Overall, if the newest technology is installed or if it's a non-critical element, often the wisest course of action is to do less instead of more. "If a device or final element has parts that can wear or foul, and the measurement has a safety, environmental, or significant economic impact, preventive or predictive maintenance is in order," says Wallace. "In most cases, change the mindset of preventive or predictive maintenance from 'go out there and do something' to 'monitor and, if necessary, initiate automated diagnostics.' One of the greatest causes of device problems is going out there and doing something. If the consequence is small, ignore it until it fails, then replace it."
Presenting valve parameters: EDDL or FDT/DTM?
The best way to communicate between a field device and a control system has been the subject of considerable debate. "Fieldbus wars" have seen supporters of F OUNDATION fieldbus, Profibus, and various other protocols struggle for dominance. Disagreement has also arisen about the best way to handle settable parameters in a field device and present them to the user. On one side are supporters of Device Description Language (DDL), which has become Electronic Device Description Language (EDDL). On the other are those who prefer Field Device Tool/Device Type Manager (FDT/DTM) technology.
With the first and older technology, manufacturers create Device Description (DD) files containing essential data about each device. The host then takes these data and presents them to the user. "The field device manufacturer describes the association of parameters and how they ought to be grouped and shown on the display, but the precise format is up to the host," says Martin Zielinski, director of technology for HART and fieldbus at Emerson Process Management. FDT/DTM technology was designed as a standardized environment for field device maintenance and configuration. A DTM is a device maintenance and diagnostic application that plugs into the host system's engineering and asset management system. Unlike DD language, a device vendor's DTM plug-in includes a user interface to manage and maintain the device. It lets the device vendor create the host application, and control how the interface should be navigated and what information should be shown.
Recent changes have blurred the distinctions between the two technologies in some ways. On the EDDL side, enhancements have added a graphical capability, "where you could draw charts and graphs, and [also] a persistent data capability with ability to store information on the system hard drive and then retrieve it in the future," says Zielinski.
The enhancements, says Foxboro's Piper, "start to organize the configuration screen. Instead of having just a flat list of parameters, [users] can start to organize them into different screens and groupings and tell you which ones should be presented as a pull-down choice. This improves the appearance of the screen, from a fill-in-the-blank kind to a more form-like format."

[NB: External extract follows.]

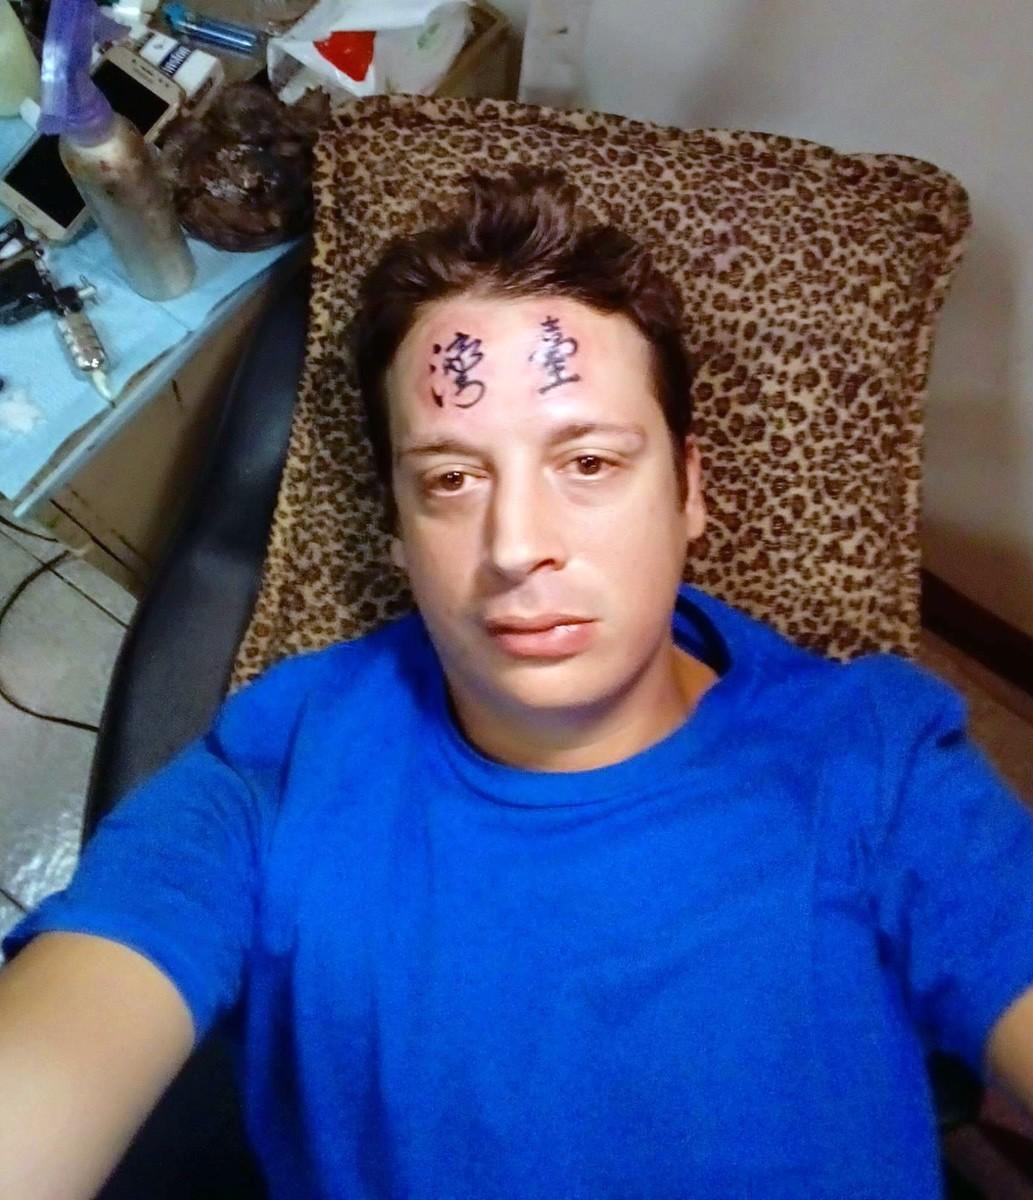 татуировка на лице, тайвань, независимость, пол фиррелл, англичанин

Despite enhancements, DD has limitations from the host manufacturer's perspective, says Piper. "We can't build a user interface for every valve because each is different," he says. "The valve manufacturer has to do it." FDT, he maintains, is the best technology for doing that. (See diagram.)
Emerson's Wallace, on the other hand, believes that "EDDL has significantly more potential to deliver maximum gain with minimum sacrifice." As evidence, he cites support levels. "There are about 1,200 device types that currently use EDDL. There are around 110 that use DTMs." And, he adds, "EDDL is a global standard supported by all host vendors."
Piper disagrees. "Right now, every system vendor except one has declared support for FDT technology," he adds.
Wallace does suggest an arrangement that gives some credence to each side. "My recommendation is to require EDDL and use it as the standard technology. When EDDL, and application packages or 'snap-ins/snap-ons' that use EDDL, are not available for a needed function, consider DTMs."